If you have [cargo-binstall](https://github.com/cargo-bins/cargo-binstall), it downloads pre-built binaries instead of compiling from source:

```bash
cargo binstall fossil-mcp
```

### From crates.io

```bash
cargo install fossil-mcp
```

This downloads the source from crates.io and compiles it locally.

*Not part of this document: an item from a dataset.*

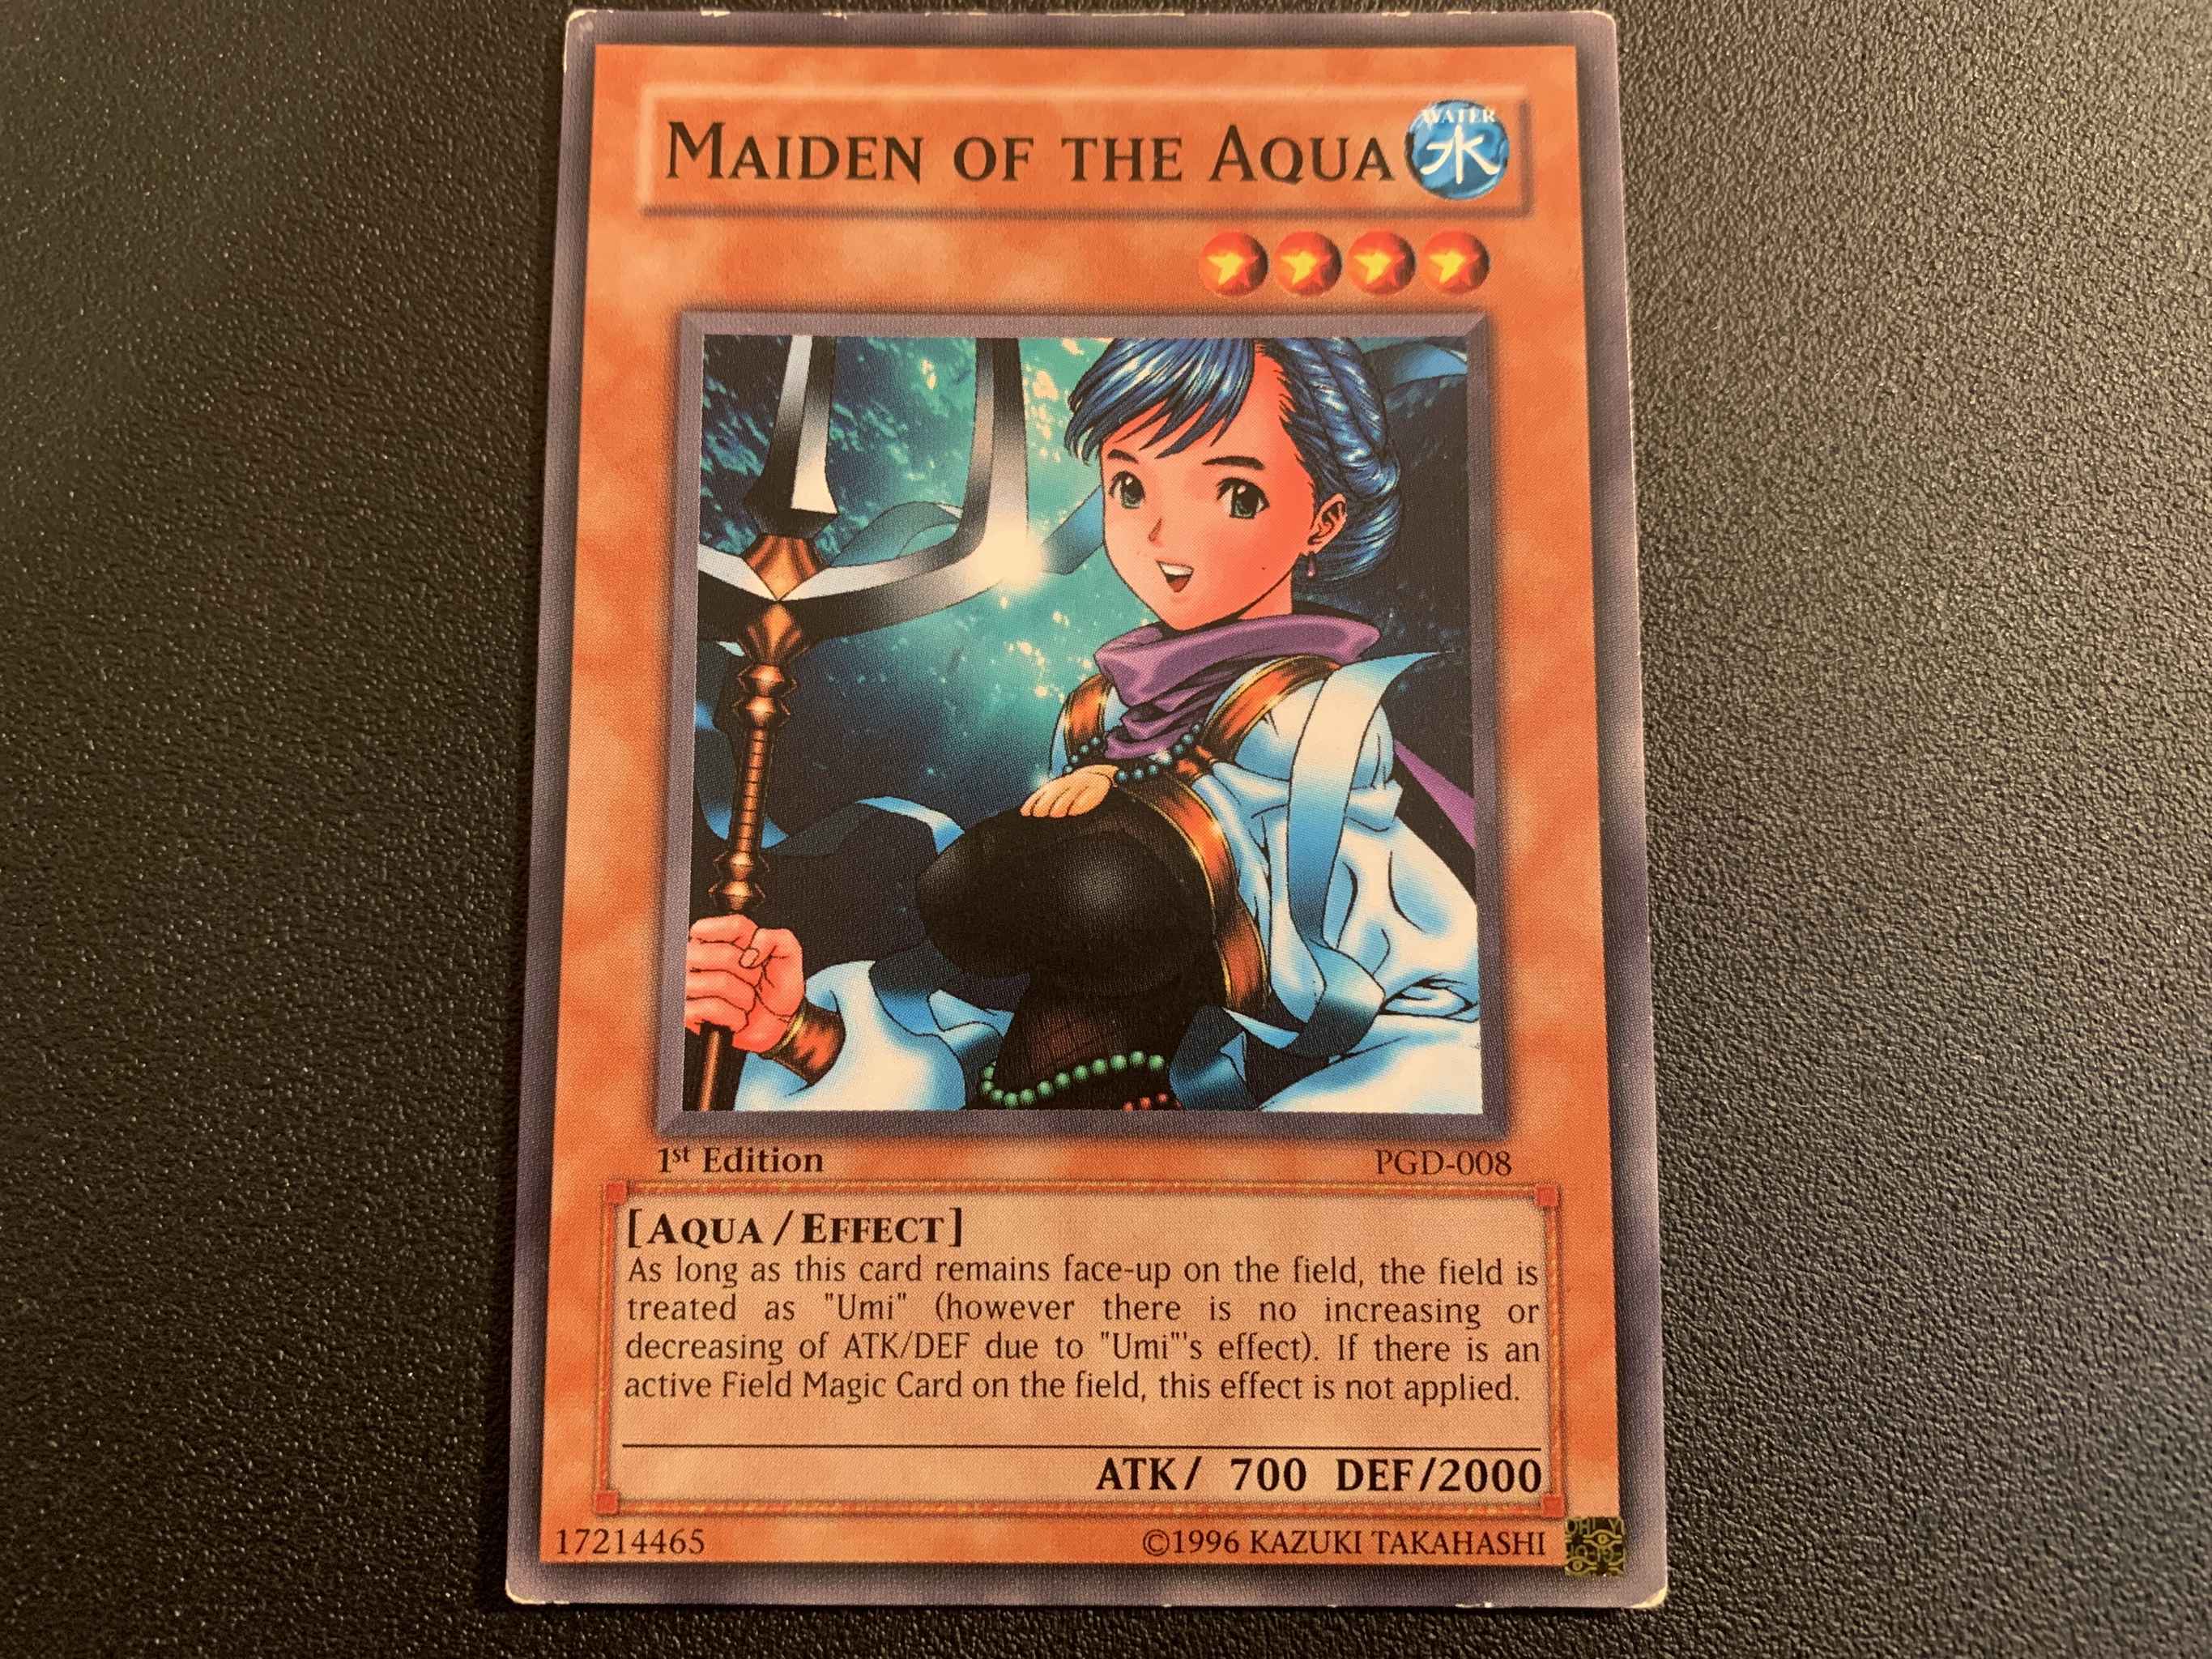 1st/Unlimited Edition PGD-008 Maiden of the Aqua Yu-Gi-Oh NM/EX Common

Requires a Rust toolchain.

### From source

```bash
git clone https://github.com/yfedoseev/fossil-mcp.git
cd fossil-mcp
cargo build --release
```

The binary is at `./target/release/fossil-mcp`.

### Updating

```bash
fossil-mcp update
```

---

## MCP Server Setup

[![Install in VS Code](https://img.shields.io/badge/VS_Code-Install_Server-0098FF?style=flat-square&logo=visualstudiocode&logoColor=white)](https://insiders.vscode.dev/redirect/mcp/install?name=fossil&config=%7B%22command%22%3A%22fossil-mcp%22%7D)
[![Install in VS Code Insiders](https://img.shields.io/badge/VS_Code_Insiders-Install_Server-24bfa5?style=flat-square&logo=visualstudiocode&logoColor=white)](https://insiders.vscode.dev/redirect/mcp/install?name=fossil&config=%7B%22command%22%3A%22fossil-mcp%22%7D&quality=insiders)
[![Install in Cursor](https://cursor.com/deeplink/mcp-install-dark.svg)](https://cursor.com/en/install-mcp?name=fossil&config=eyJjb21tYW5kIjoiZm9zc2lsLW1jcCJ9)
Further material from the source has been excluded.